:: Task item ::
What you submit must be an exact copy of the listing below, with no images in it.

:: Provided data ::
▽

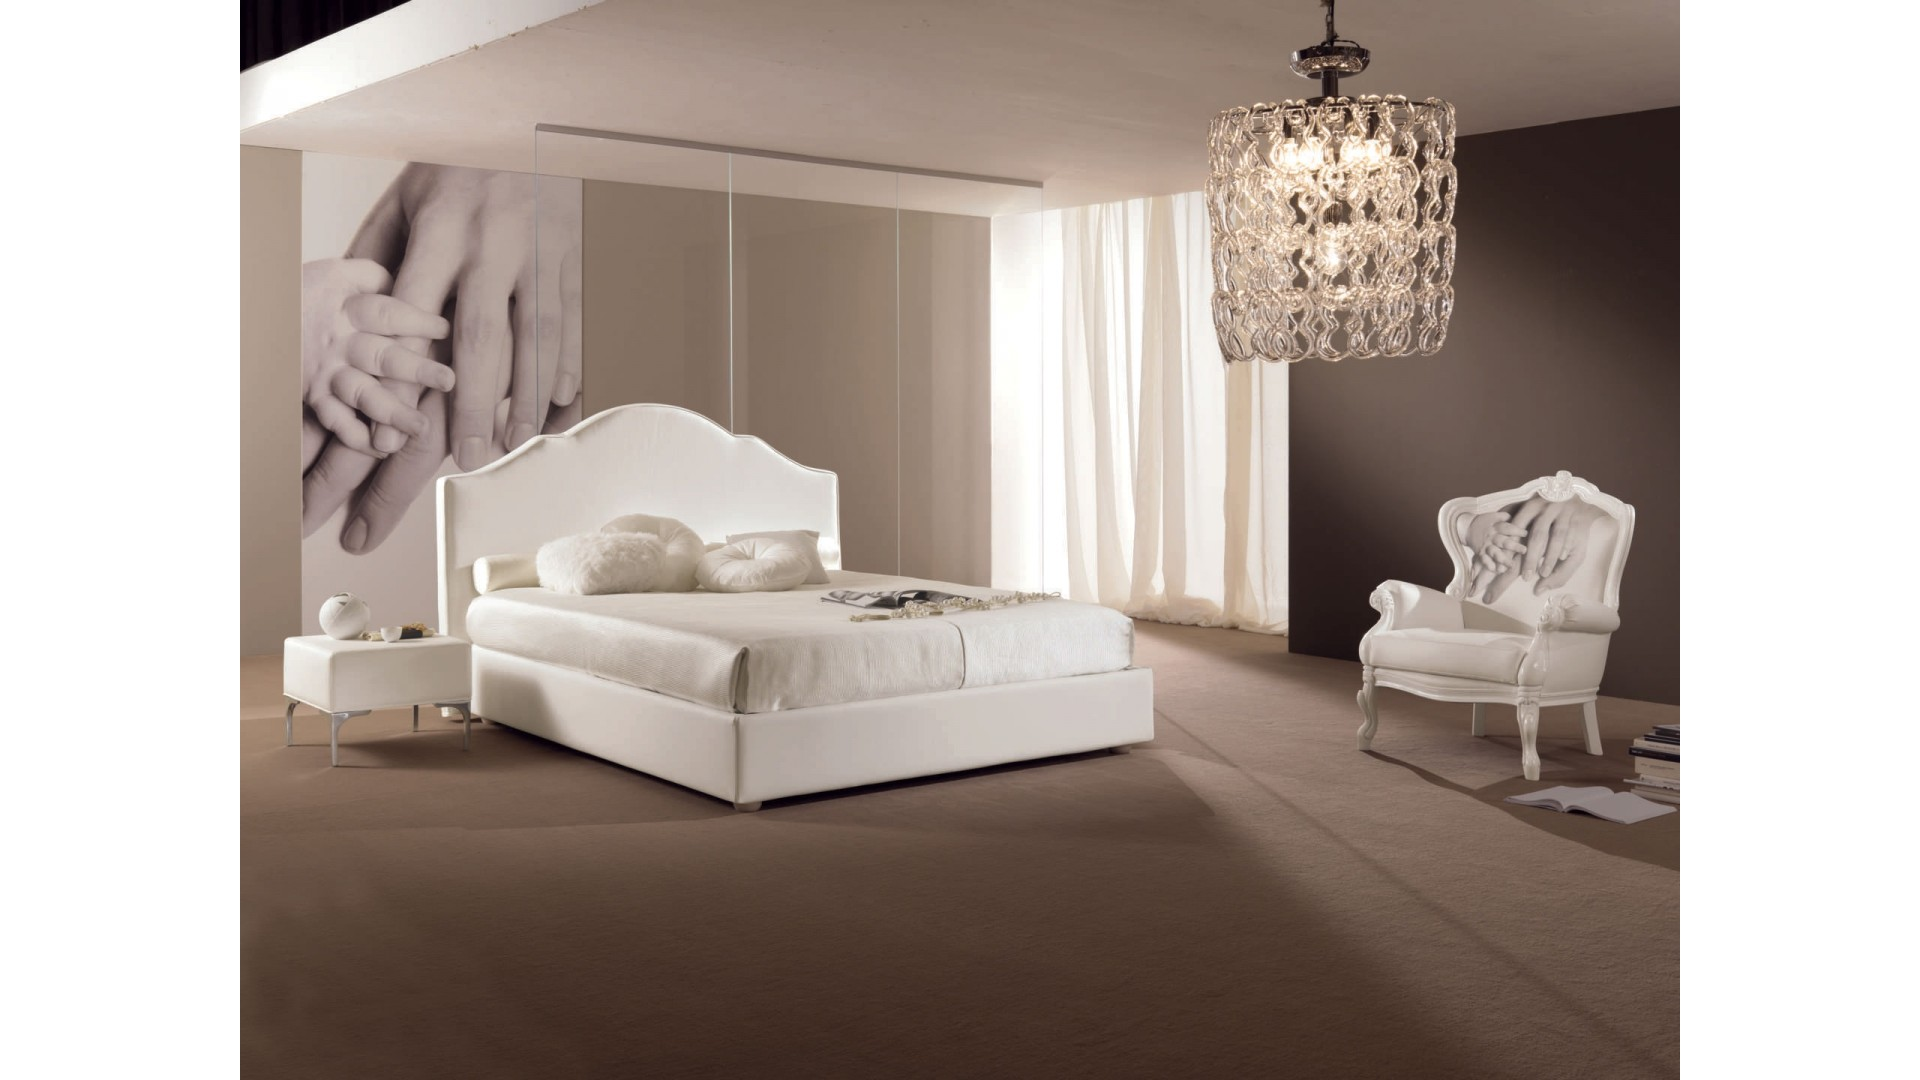 Lit Double Chambre à Coucher PERSONNALISABLE Aymeric   PIERMARIA
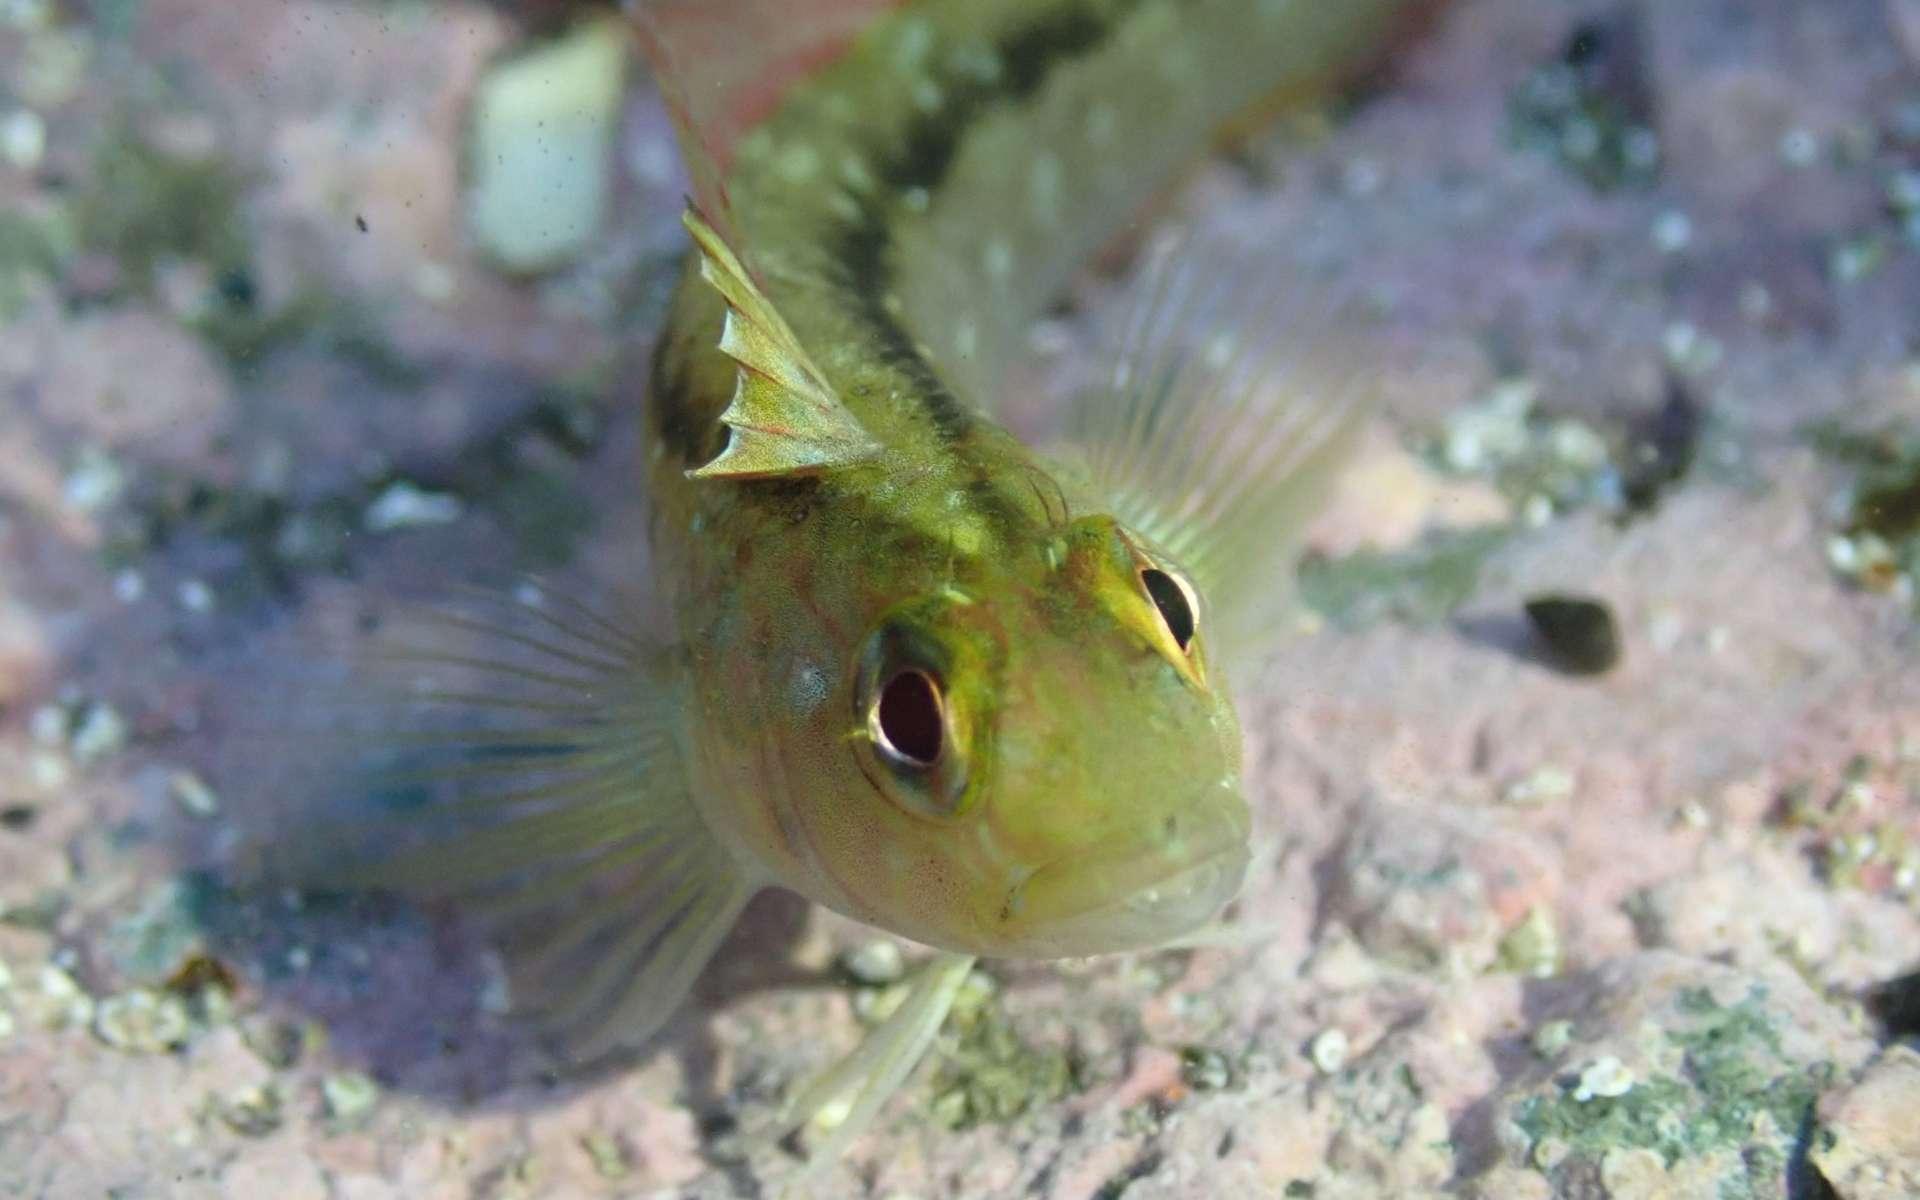 Le réchauffement climatique fait grossir les testicules des poissons - Futura
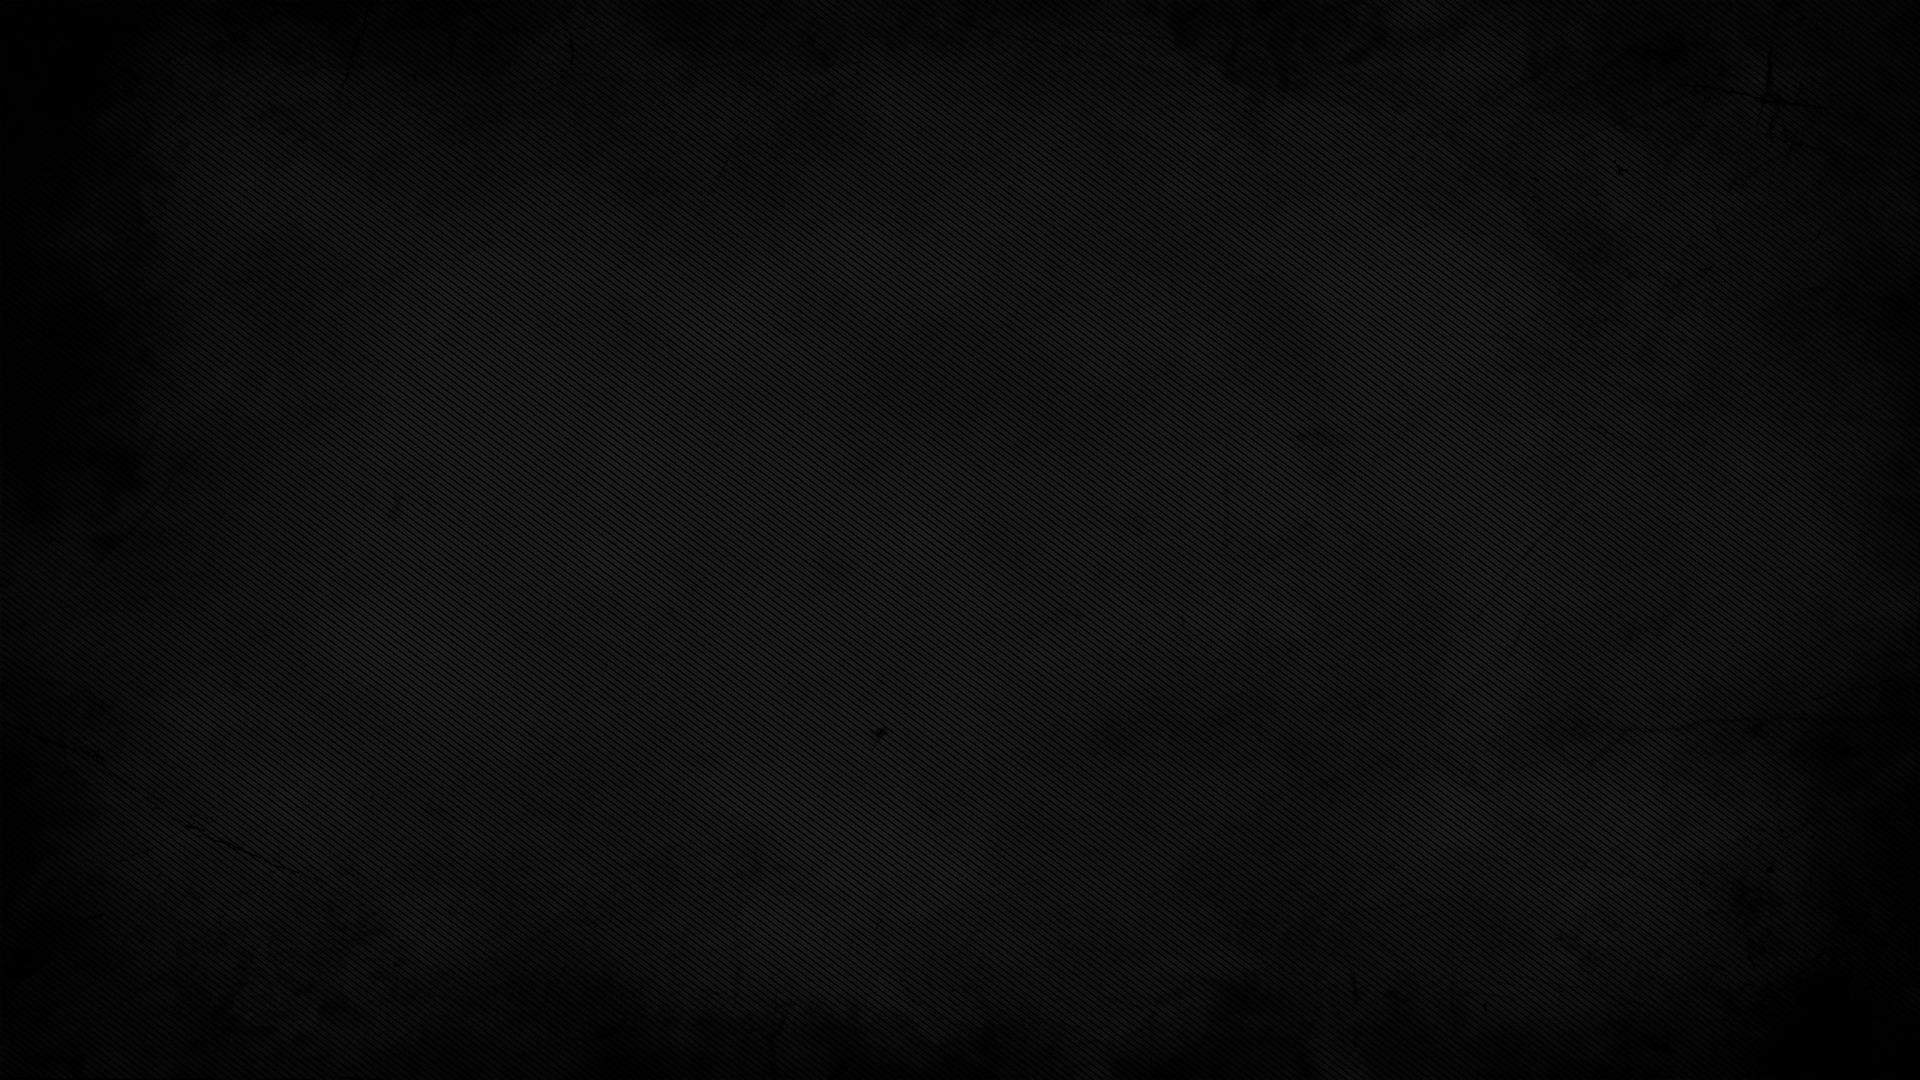 Textur Linie Diagonal schwarz Hintergrund Vektorgrafik 1920x1080

△

:: Completed task ::
 Lit Double Chambre à Coucher PERSONNALISABLE Aymeric   PIERMARIA
 Le réchauffement climatique fait grossir les testicules des poissons - Futura
 Textur Linie Diagonal schwarz Hintergrund Vektorgrafik 1920x1080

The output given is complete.